Given that precedent, What They Play's prediction that Nintendo's next console will arrive "by 2011" isn't exactly Earth-shattering. Nor is the site's citing of unnamed sources that the console will be a "true 'next generation'" machine with high-definition graphics and a built-in high-storage capacity to accommodate "greater emphasis on digitally distributed and backwardly compatible content."

The article correctly points out that Nintendo has downplayed the importance of the Wii's lack of hi-def and high-storage this generation, but the company has reversed itself before. While Nintendo similarly dismissed the role of online connectivity during the GameCube era, now the Wii's online capabilities are key to its business strategy.

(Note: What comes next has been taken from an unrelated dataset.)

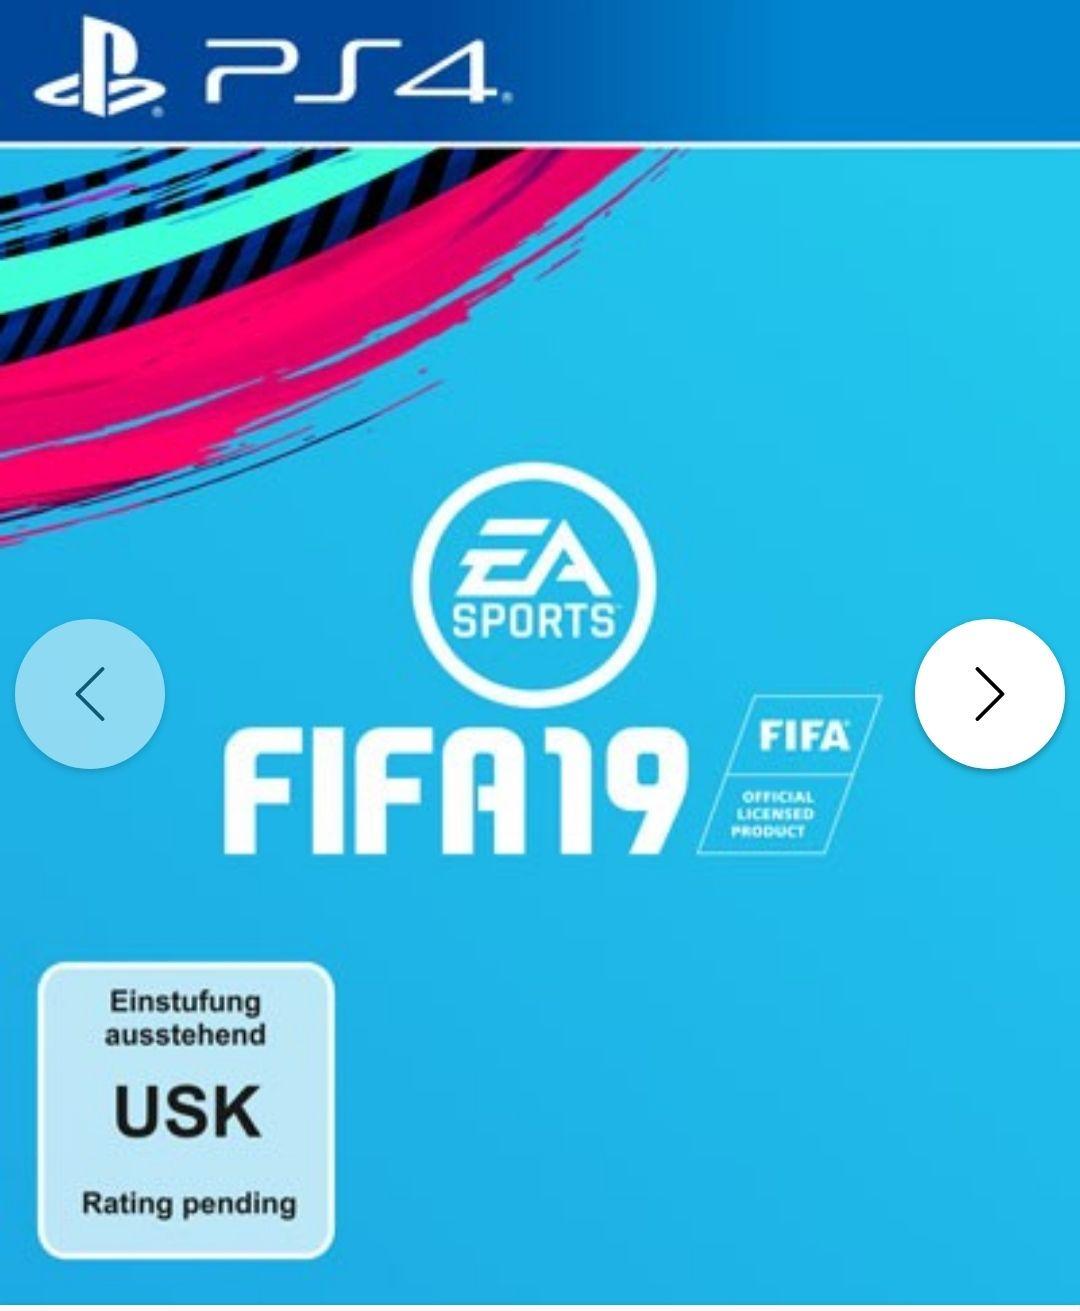 Fifa 19 (PS4/XB1) Bestpreis über Rakuten und Masterpass

Besides offering online multiplayer, the company profits from digitally distributed WiiWare and Virtual Console releases, updates the console's firmware remotely, uses the console's blue light as a consumer alert, and provides news, weather, and Mii sharing over the Internet. The Wii even has its own browser, courtesy of Opera Software, and the Nintendo Wi-Fi Connection joins DSes worldwide.

More shocking perhaps is What They Play's report that Nintendo is already showing off a prototype of its next console. Unlike the leak-prone Microsoft, Nintendo is known for its secrecy--present rumors of a new DS excluded--and kept a tight lid on the Wii back when it was known as the Revolution. At E3 2005, the company merely had a nonfunctional mockup of the console itself, and didn't even tout its innovative controller until the Tokyo Game Show one year before the Wii's launch.

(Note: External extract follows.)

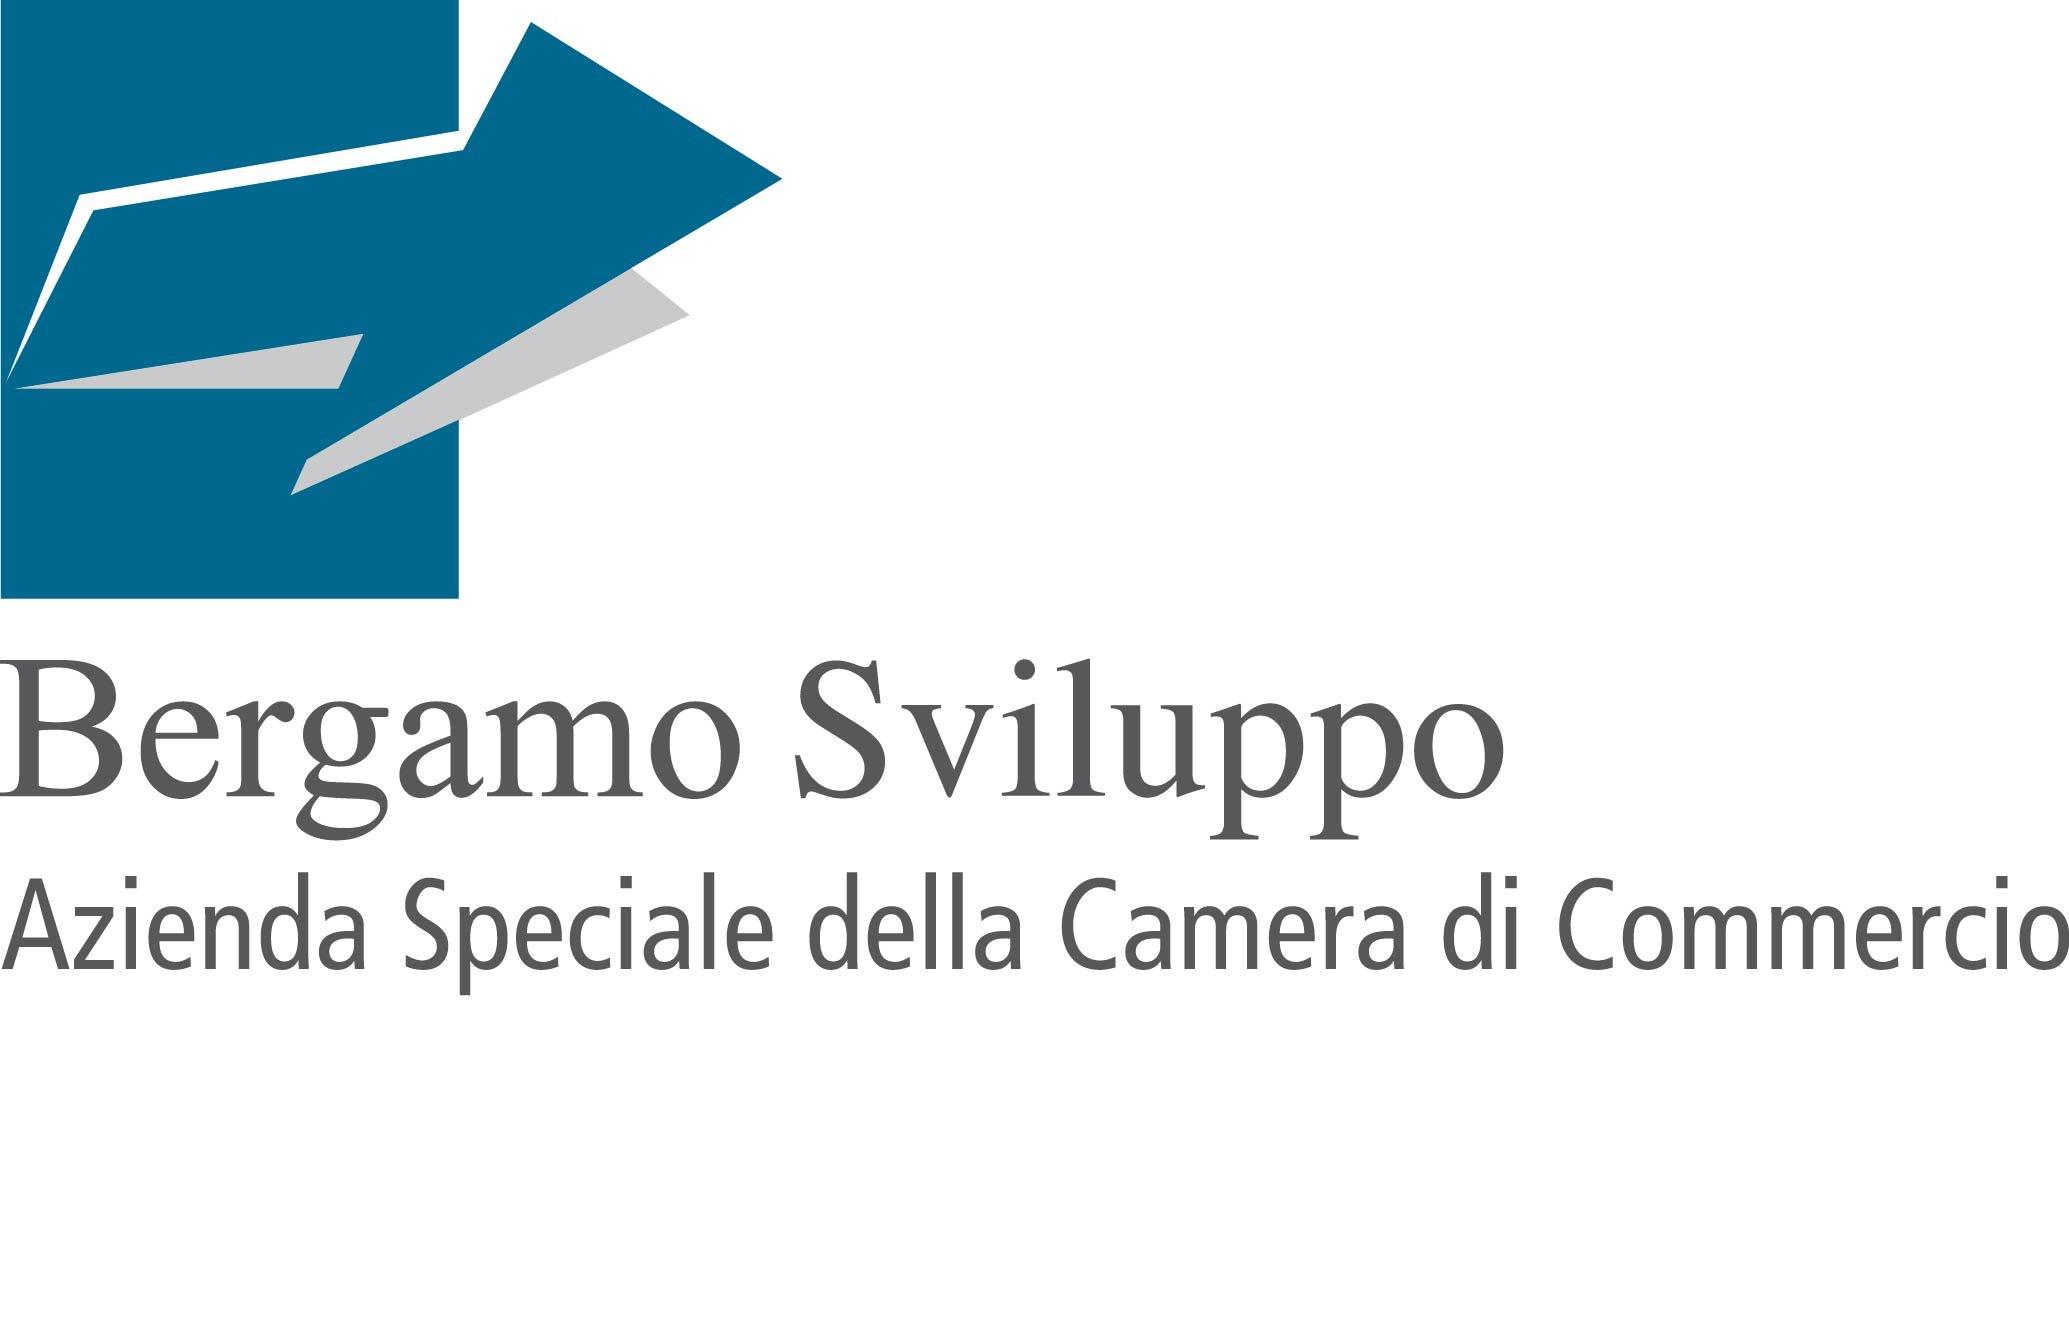 bergamo sviluppo 14519 - Fond. A. Olivetti

The official story: "Nintendo doesn't comment on rumors in general."--Nintendo rep.

Bogus or not bogus?: Not bogus. Normally, it's easy to dismiss a random story on a random blog. Not this time. The article's author is John Davidson, a veteran game journalist and former staffer at Ziff Davis Media, publisher of the respected magazine Electronic Gaming Monthly and proprietor of widely read game site 1up.

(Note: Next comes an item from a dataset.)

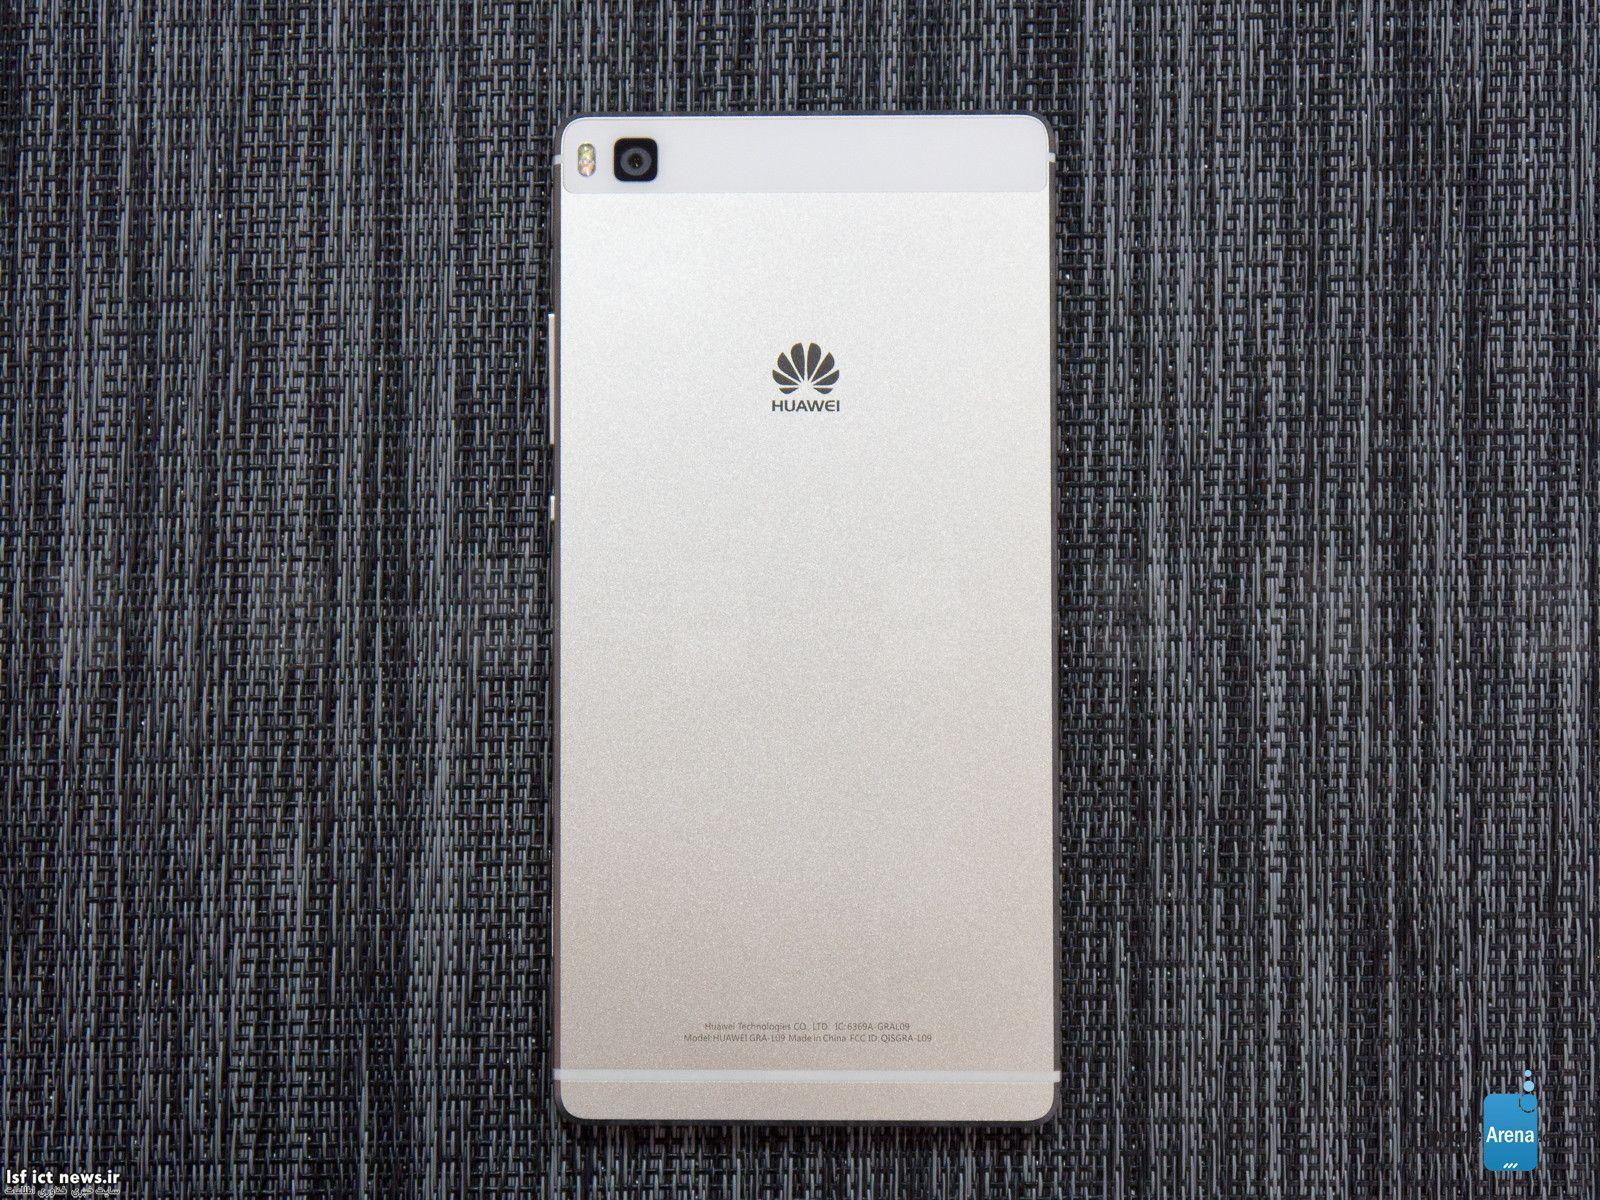 Huawei-P8-Review-013

If anyone were to have access to those in the know, it'd likely be Davidson. However, not content to merely cite unnamed sources, he backs up by running down how Nintendo's massive research and development budget tripled in 2007, the year after the Wii launched. In 2007, the Kyoto-based company spent a staggering $370 million on R+D, over 10 times what it did in 2003. If that money's not going to a new console, then where is it going?